Macroeconomic risks have shifted from inflation to growth with some dollar weakness expected against other fiat currencies.

An Investment Strategy update from Lombard Odier said the bank was expecting US consumer resilience to falter and that there would be recession risks in late 2023 and early 2024.

Interest rate cuts are likely to be a story for 2024, the bank said in the update, adding that it expected dollar weakness against the euro, the Swiss franc and Japanese yen, and strength against the Chinese yuan.

The bank said in Europe, near-term growth prospects remain unimpressive, while China’s strong domestic demand should help it achieve real GDP growth of 5.5% in 2023 despite weakness in overseas demand, real estate and industrial sectors.

Of Japan, the bank said its economic fundamentals look healthy, with inflation now sustainably above target, and it was expecting the Bank of Japan to end its policy of yield curve control in 2023.

Lombard Odier said with interest rates expected to remain high, it was seeking to build resilient investment portfolios, with neutral exposure to risk assets that can perform under a range of economic outcomes.

“We lean towards fixed income, with a preference for US Treasuries and investment grade credit and see selective opportunities to earn attractive carry in emerging market debt,” the bank said, adding: “In equities, we prefer quality stocks, defensive businesses, and non-US markets, which offer some valuation cushion as earnings downgrades unfold.”

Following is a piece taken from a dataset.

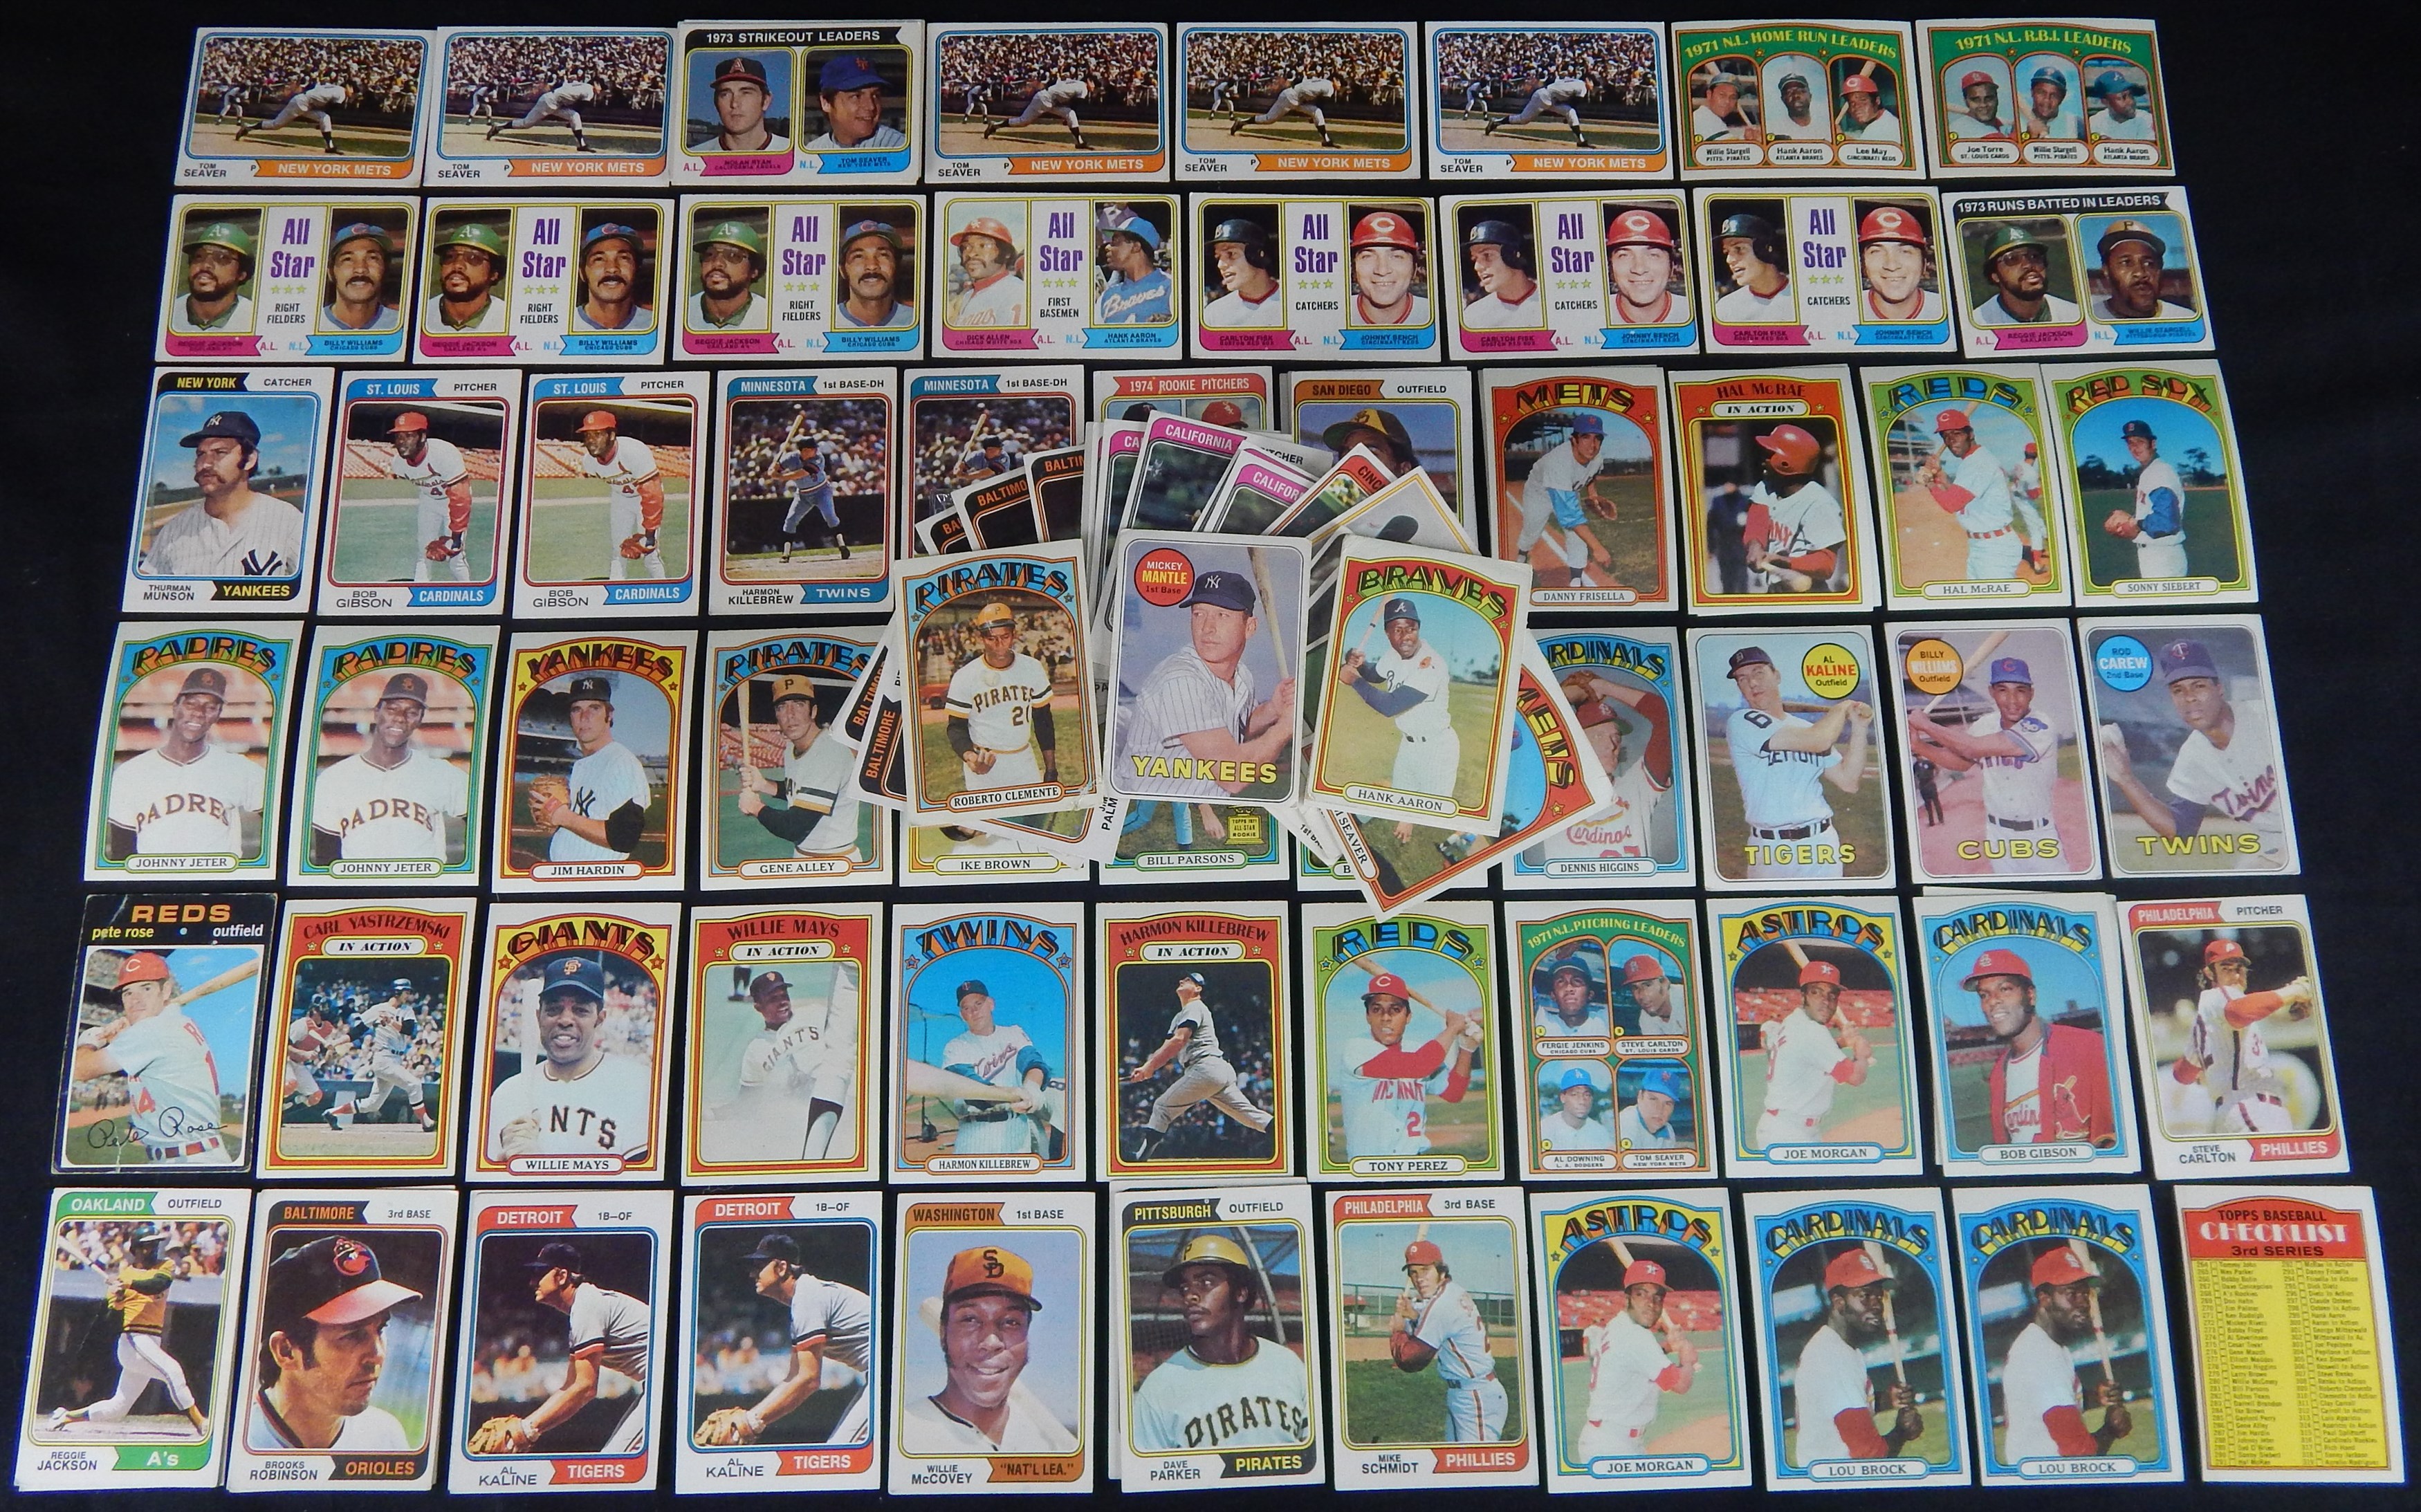 1969-1974 Topps Collection of 1,500+ Cards with Stars Inc. a 1969 Mantle

In the US, Lombard Odier said the country has staved off recession fears to date, but restrictive monetary policy which will stay in place throughout this year will make a mild recession likely at the end of the year.

After last year’s energy crisis in Europe, it is no longer a key concern, but inflation is persistent enough to push the European Central Bank into an increasingly restrictive monetary policy.

In the UK, high inflation and increasing central bank interest rates are yet to take effect on many mortgage borrowers who will be coming off fixed rate deals and face much higher repayments.

Meanwhile, in Japan, there may be a snap election to justify potential revenue enhancement measures, but this is unlikely to change policy for now.

Finally, in China, additional tweaks to monetary policy are expected to anchor growth after the reopening boost fades, with the stance of the new financial regulator a key factor to watch, the bank said.